Together with Armijn, Adam Malik, and Soemanang Soerjowinoto, on 13 December 1937 Pane founded the news agency Antara; after independence, Antara became Indonesia's official news agency.[9] From 1941 to 1942, Pane edited the magazine Indonesia, published by the state-owned publisher Balai Pustaka.[3][4] While working with Balai Pustaka, Pane would refuse employee benefits such as free rice and a shuttle service, instead choosing to walk to work and buy his own rice.[1]

After the Japanese invaded the Indies, Pane became the head of the Central Cultural Office.[4]

Pane died in Jakarta on 2 January 1968.[4] Before he died, he requested that his body be treated in a Hindu manner; however, his family did not grant the request as they felt it would be against Islamic teachings.[1]

Style[edit]

Pane's poems used everyday language, including foreign loanwords. He limited his use of the local languages of Indonesia, including his native language Batak. Structurally, his poems resembled the old Malay form pantun, although he also wrote several sonnets.[10] Many of his poems dealt with philosophical issues.[11] Indonesian writer and literary critic Muhammad Balfas calls Pane the "first [Indonesian poet] who used his poetry to reveal his inner self".[12]

Views[edit]

Pane viewed Western cultures as being too materialistic, focusing on the physical aspects of life; Eastern cultures, on the other hand, he viewed as being more spiritualistic.
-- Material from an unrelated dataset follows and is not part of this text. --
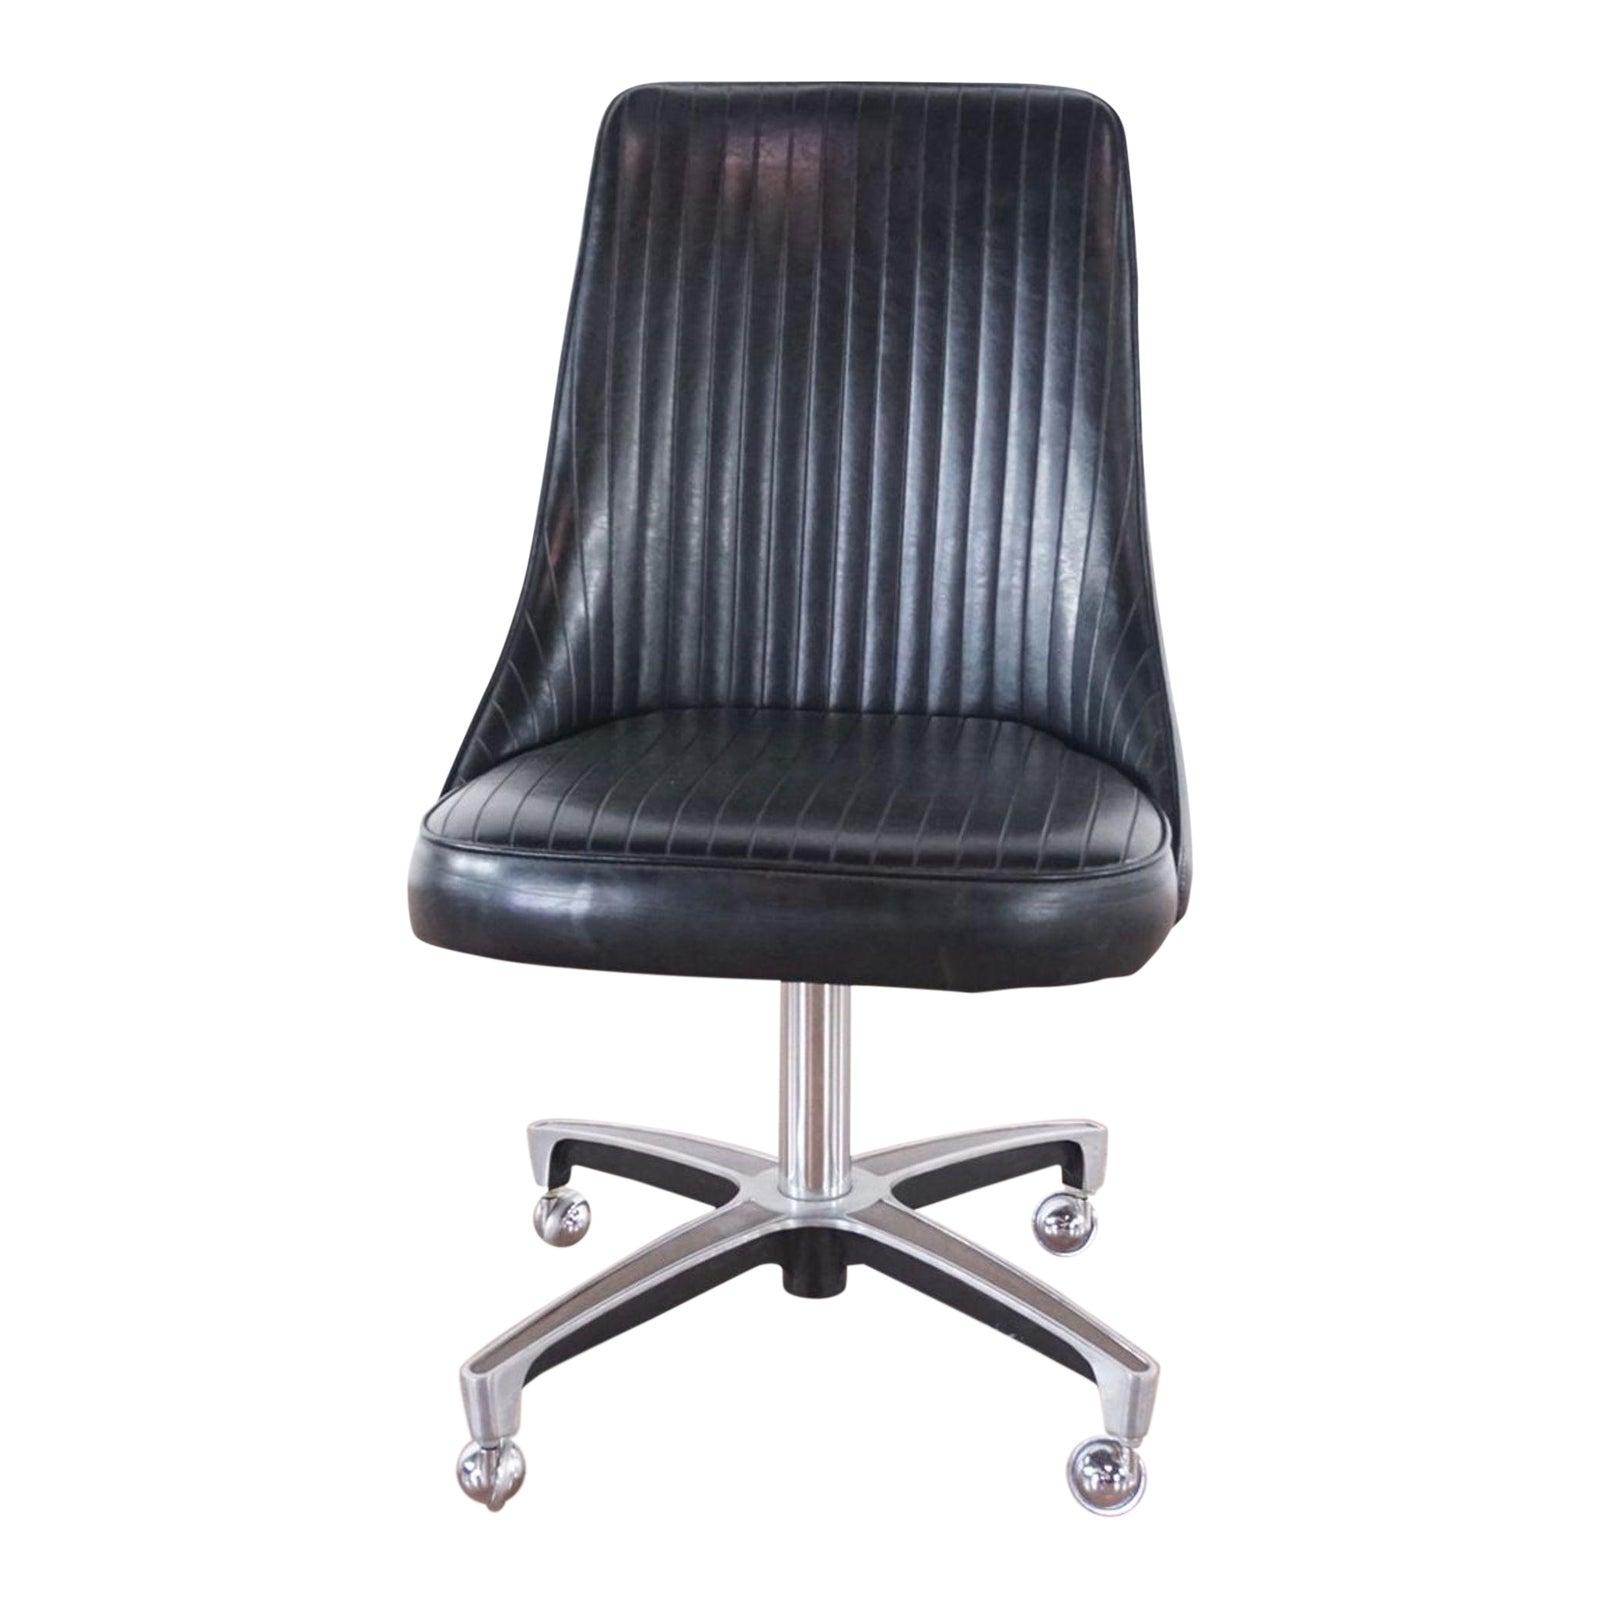 Peachy Vintage Chromcraft Office Chair Cjindustries Chair Design For Home Cjindustriesco
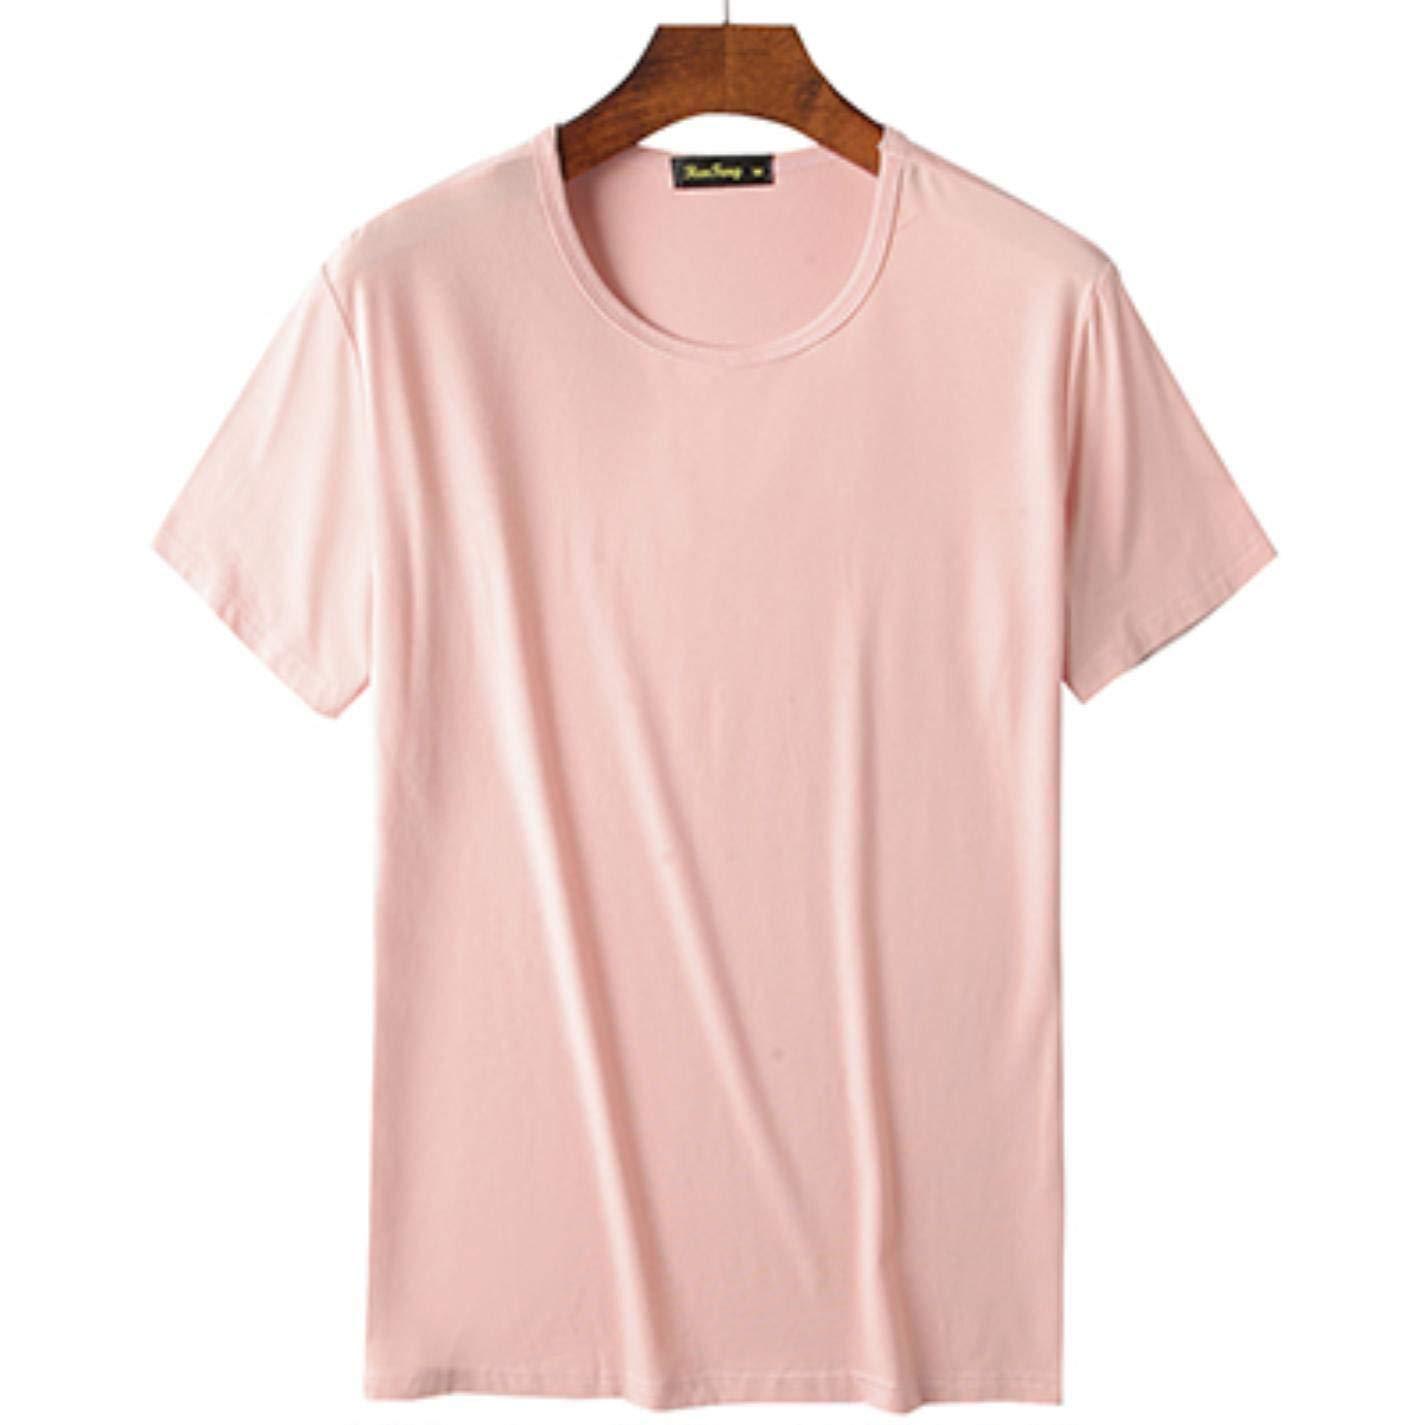 2019 Cool T Shirt Men Bamboo Fiber Hip Hop Basic Blank White Summer Top

He saw this as influencing the way in which humans interacted with nature, with Westerners seeking to conquer it and Easterners preferring to adapt to it.[1] In one polemic in response to fellow Poedjangga Baroe editor Sutan Takdir Alisjahbana, who was decidedly pro-Western, Pane compared the West to Faust, who sold his soul to the devil for worldly pleasure and knowledge, and the East to Arjuna, who searched for a spiritual truth. Pane did, however, admit that Western technology could bring a positive change.[11]

Personal life[edit]

Pane was elder brother to writer Armijn Pane and Lafran Pane, the latter of whom founded the Indonesian Muslim Students' Association. With his wife, Pane had six children.[1] Pane's religious views have been described as being a "composite of Hinduism, Buddhism, Sufism, and Javanese philosophy".[13]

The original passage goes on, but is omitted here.